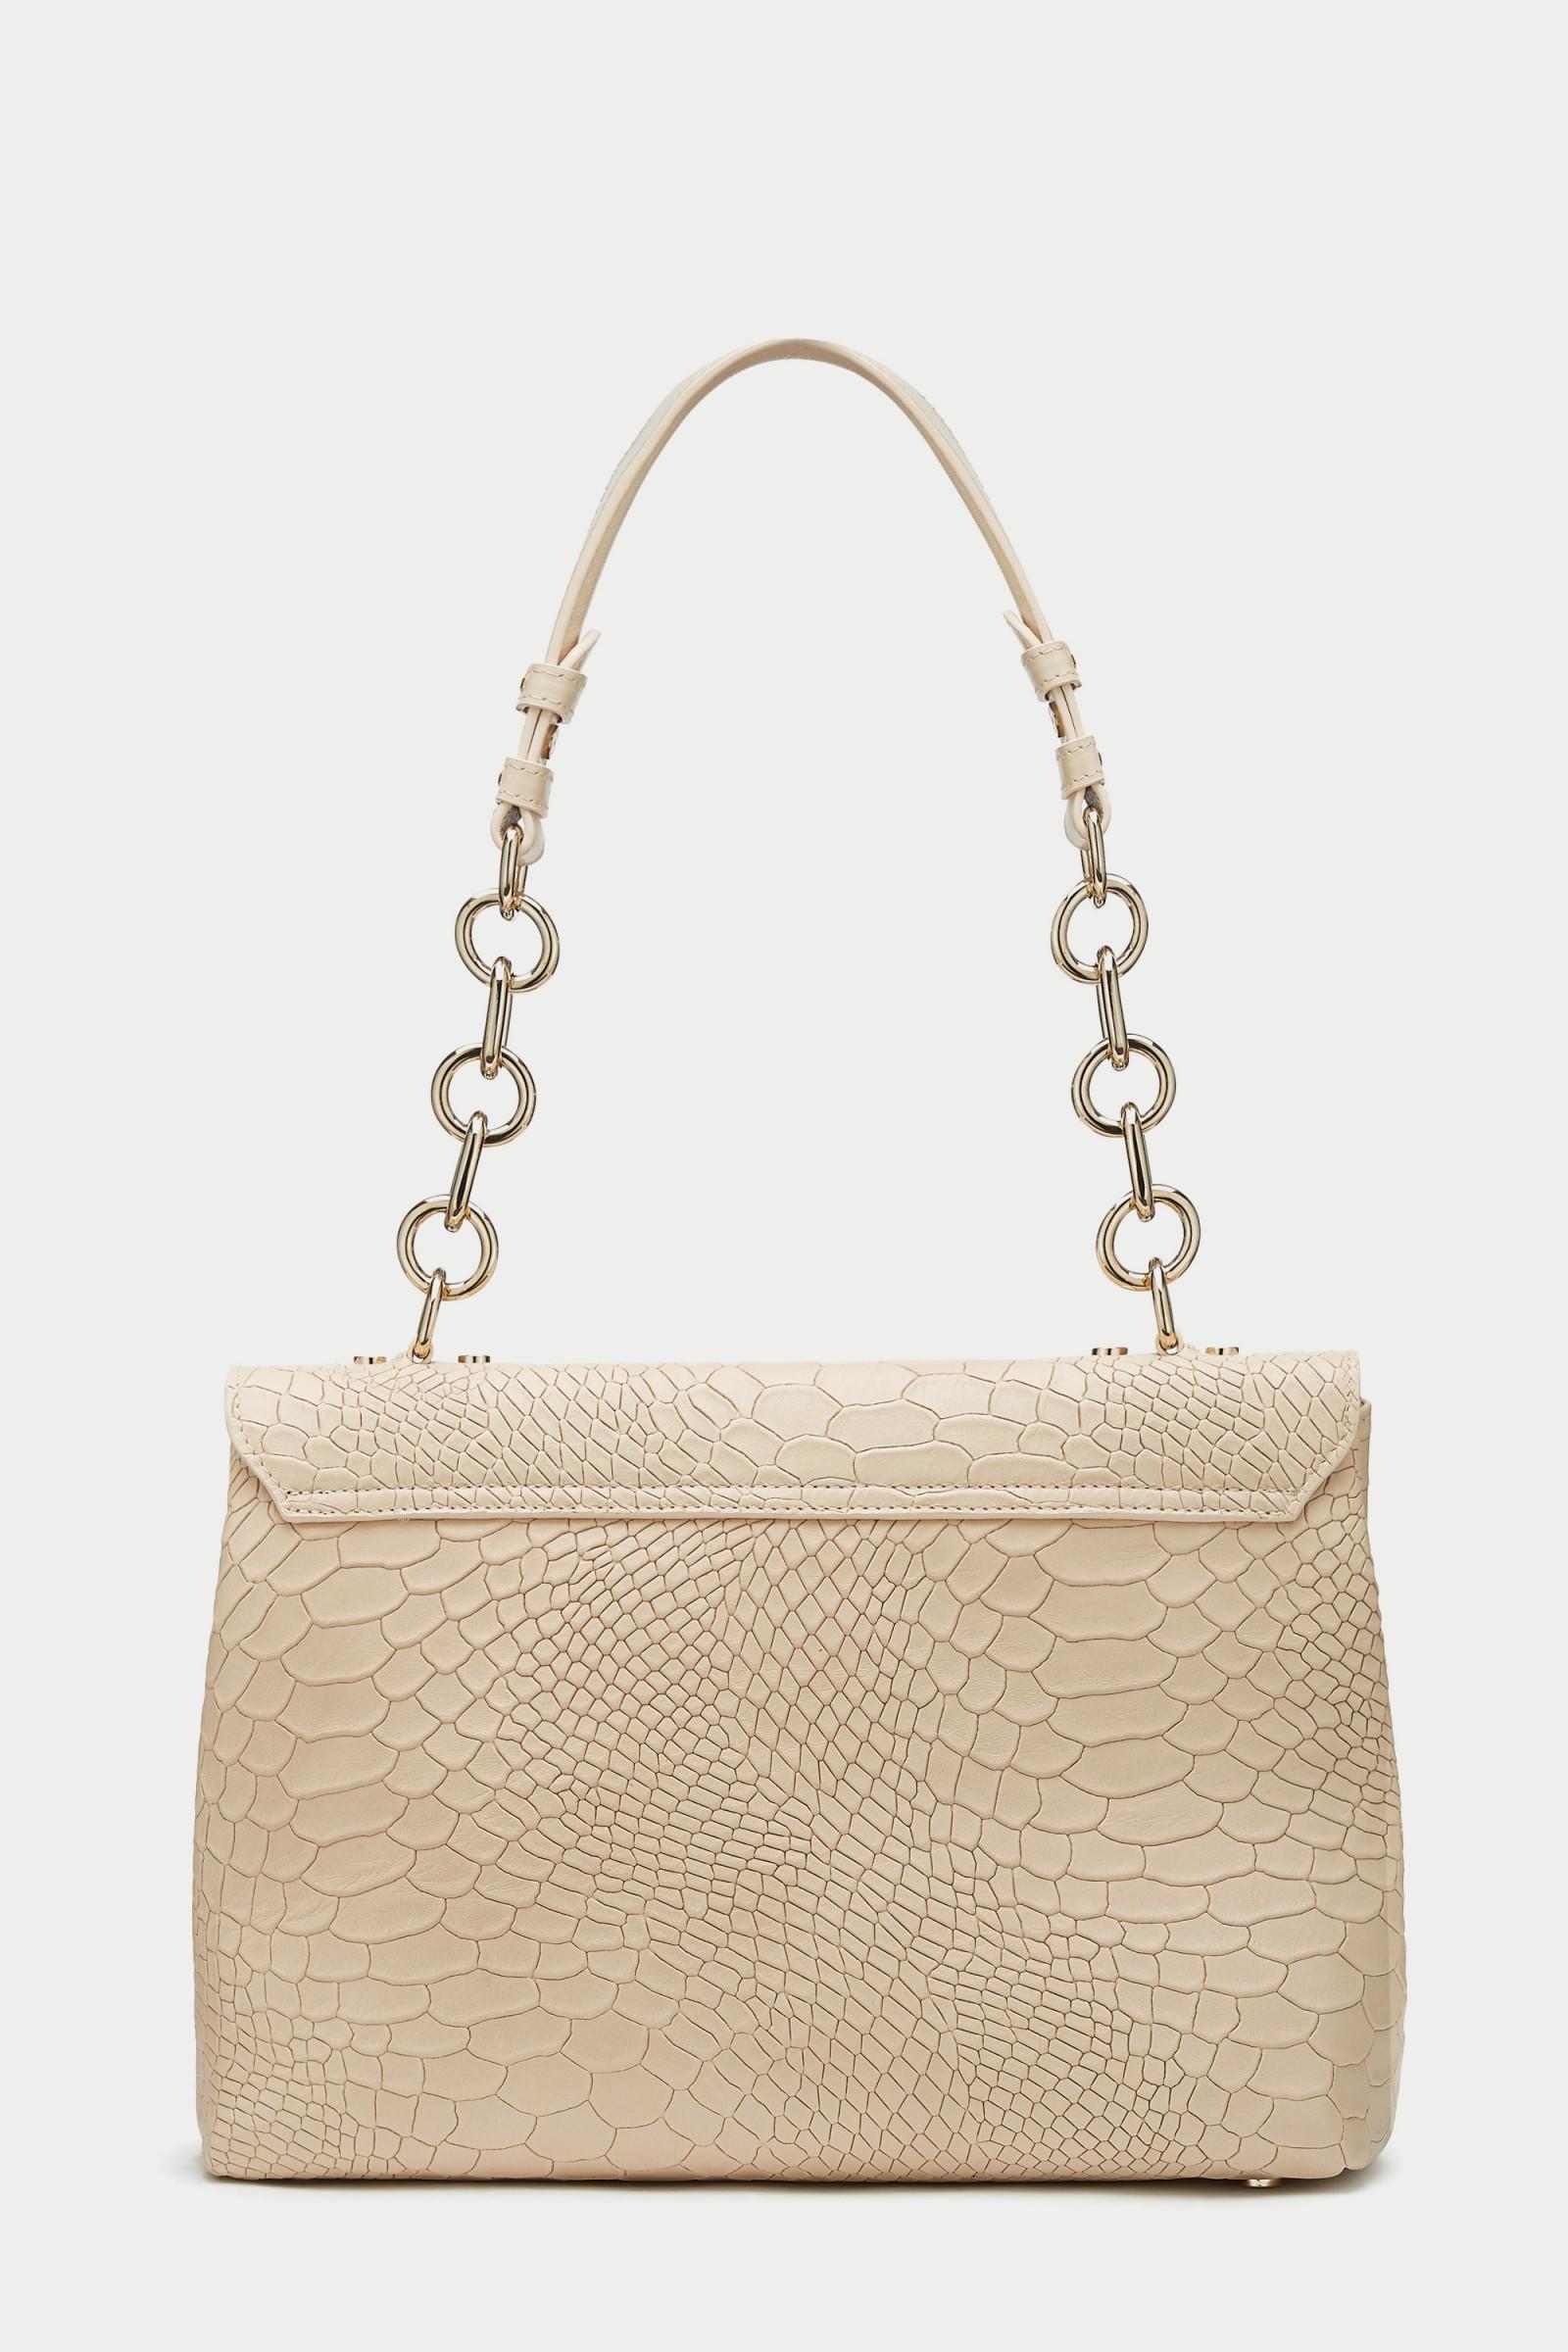 7c839bc5616 ... ccb7003 designer handbags by Caroline Castigliano · Briella ANACONDA  ROSA Pink Leather Handbag
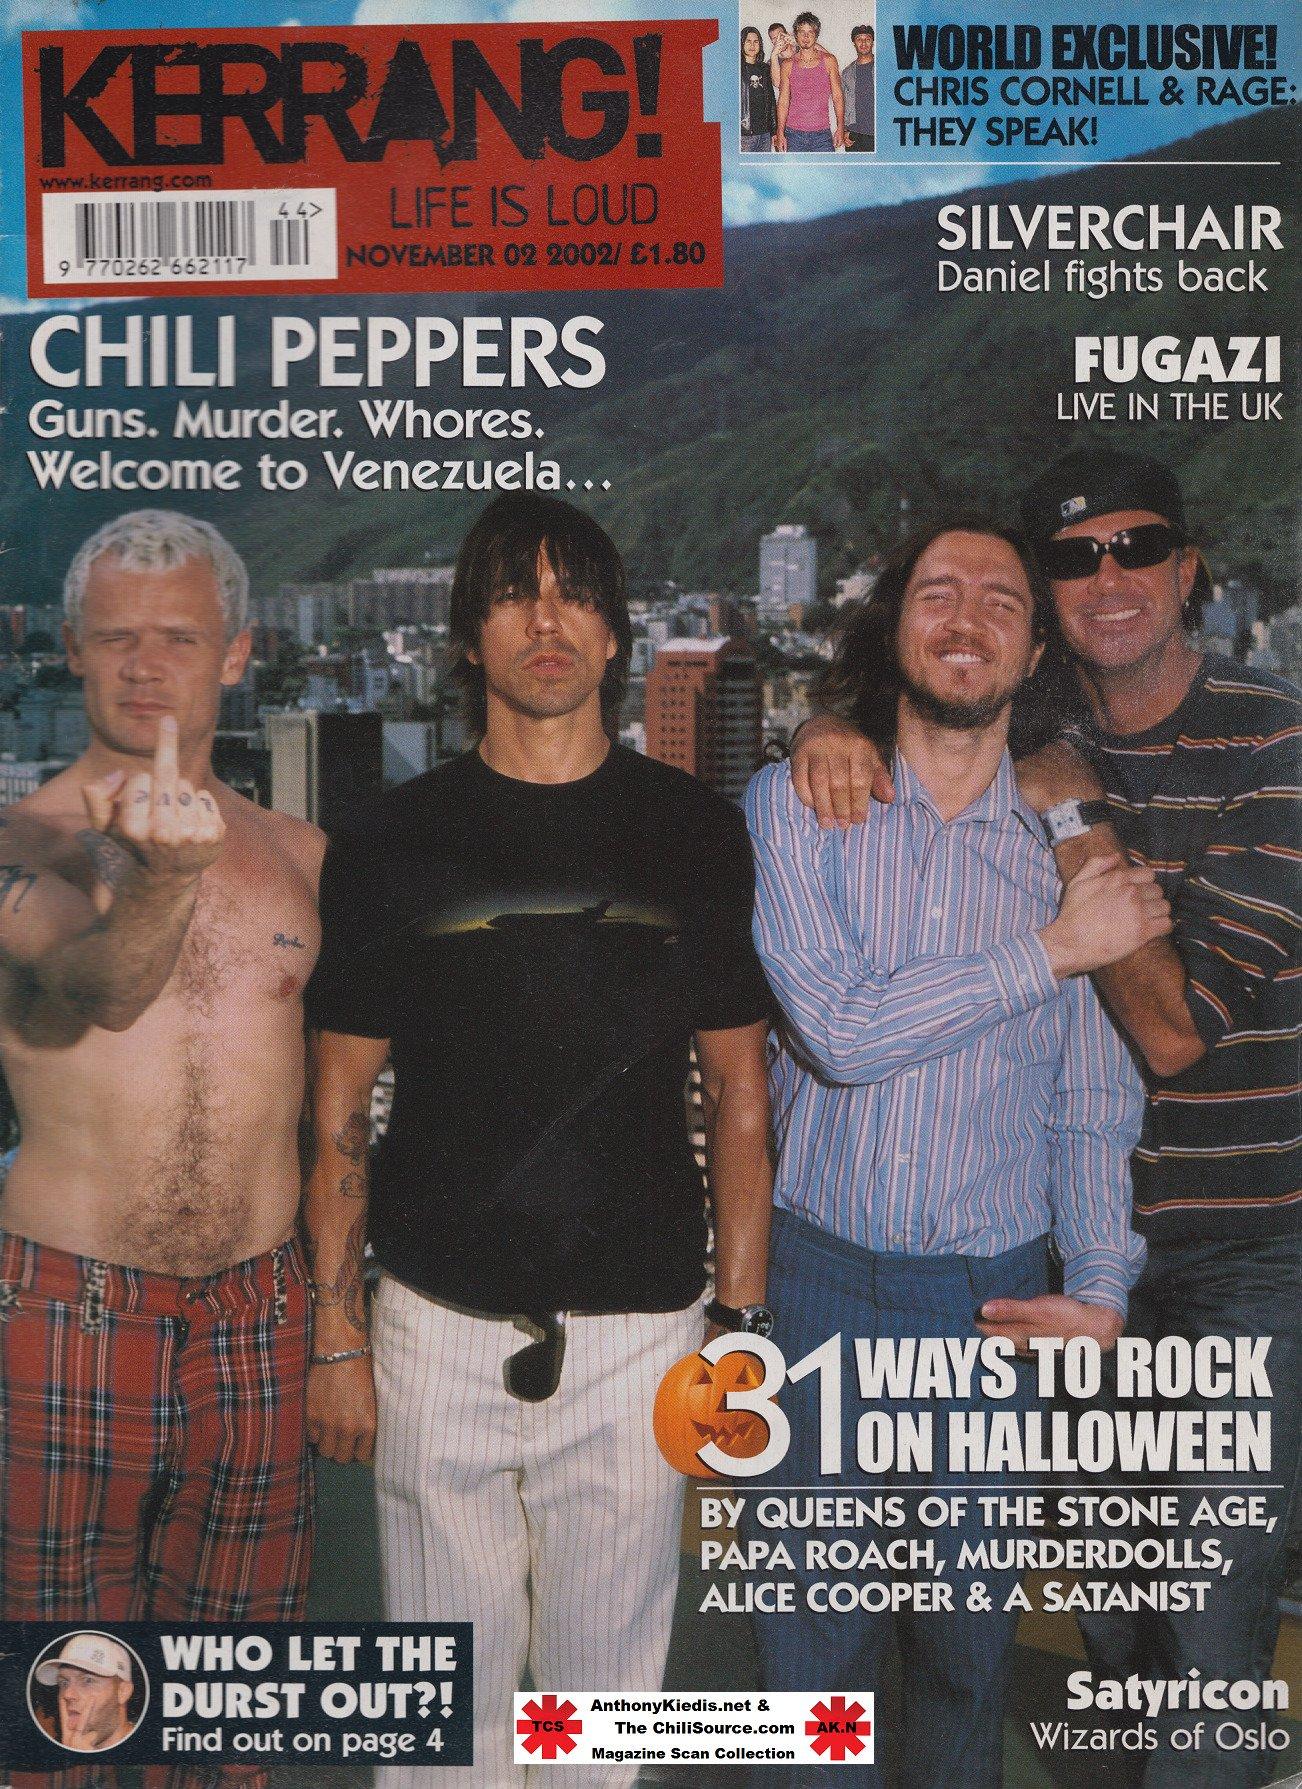 Portada de la revista británica @KerrangMagazine, 2 de noviembre de 2002
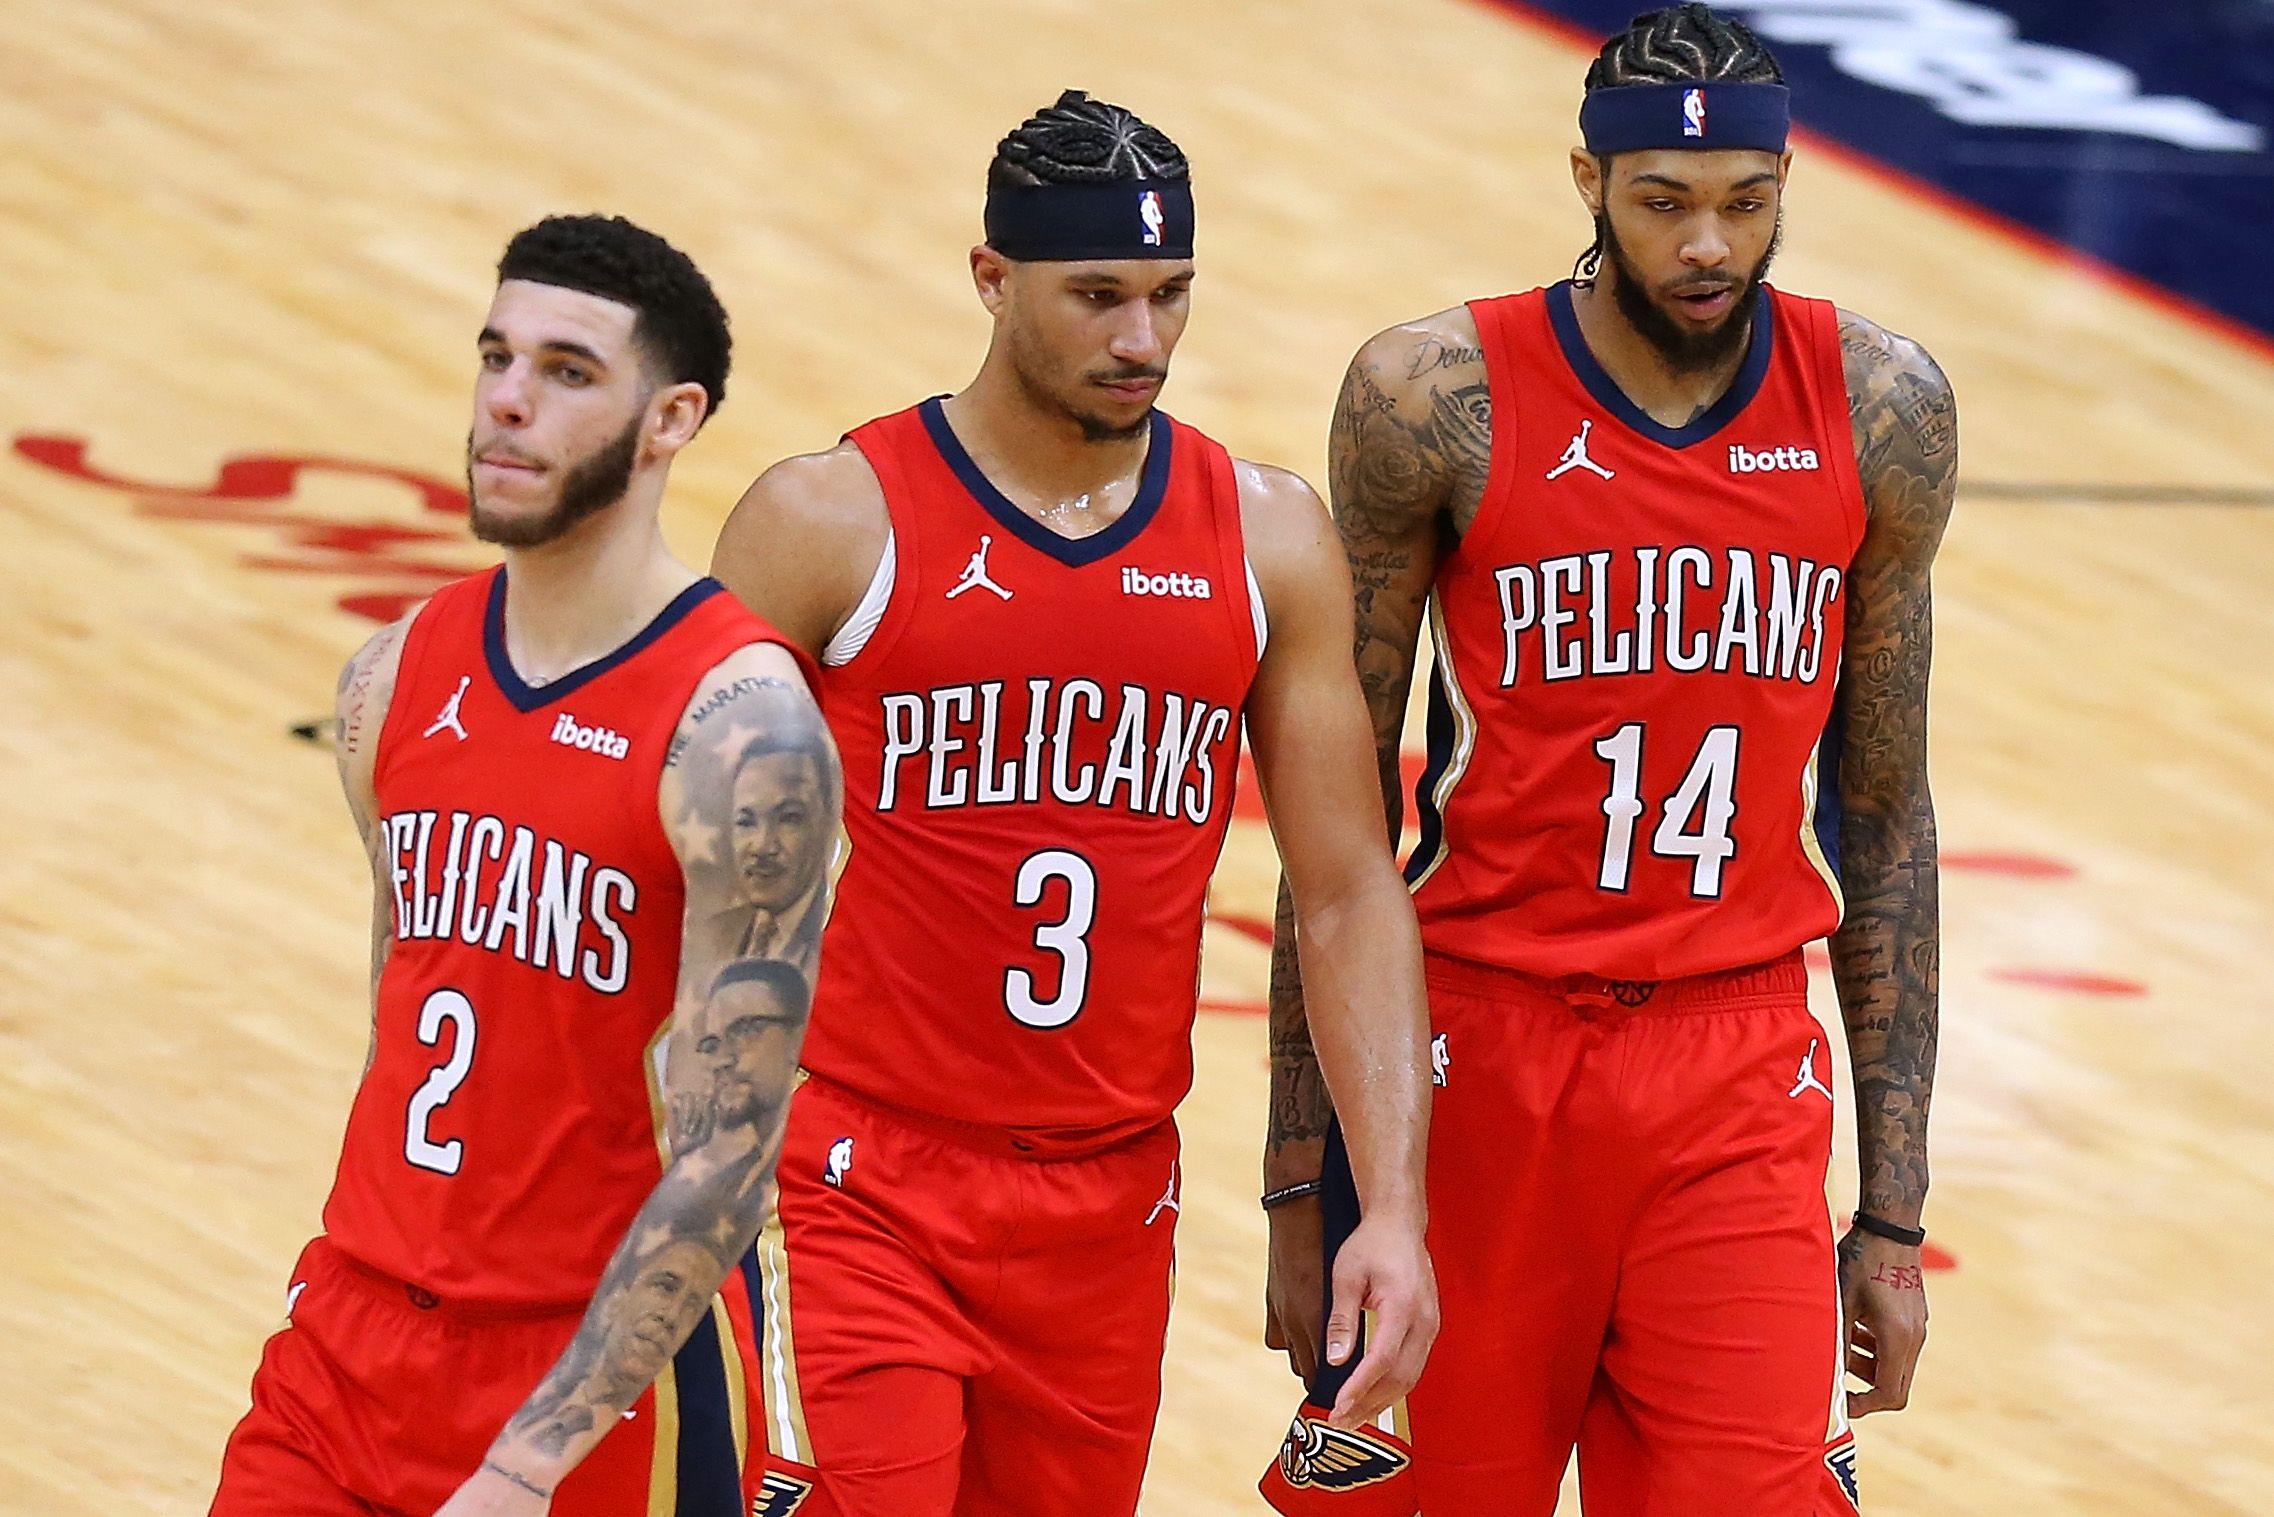 Former Lakers Lonzo Ball, Josh Hart, and Brandon Ingram walking together inside the court
· · · · ·
From the first line to the last, give the data again exactly, but without pictures.

 7c839bc5616 ... ccb7003 designer handbags by Caroline Castigliano · Briella ANACONDA  ROSA Pink Leather Handbag
 Portada de la revista británica @KerrangMagazine, 2 de noviembre de 2002
 Former Lakers Lonzo Ball, Josh Hart, and Brandon Ingram walking together inside the court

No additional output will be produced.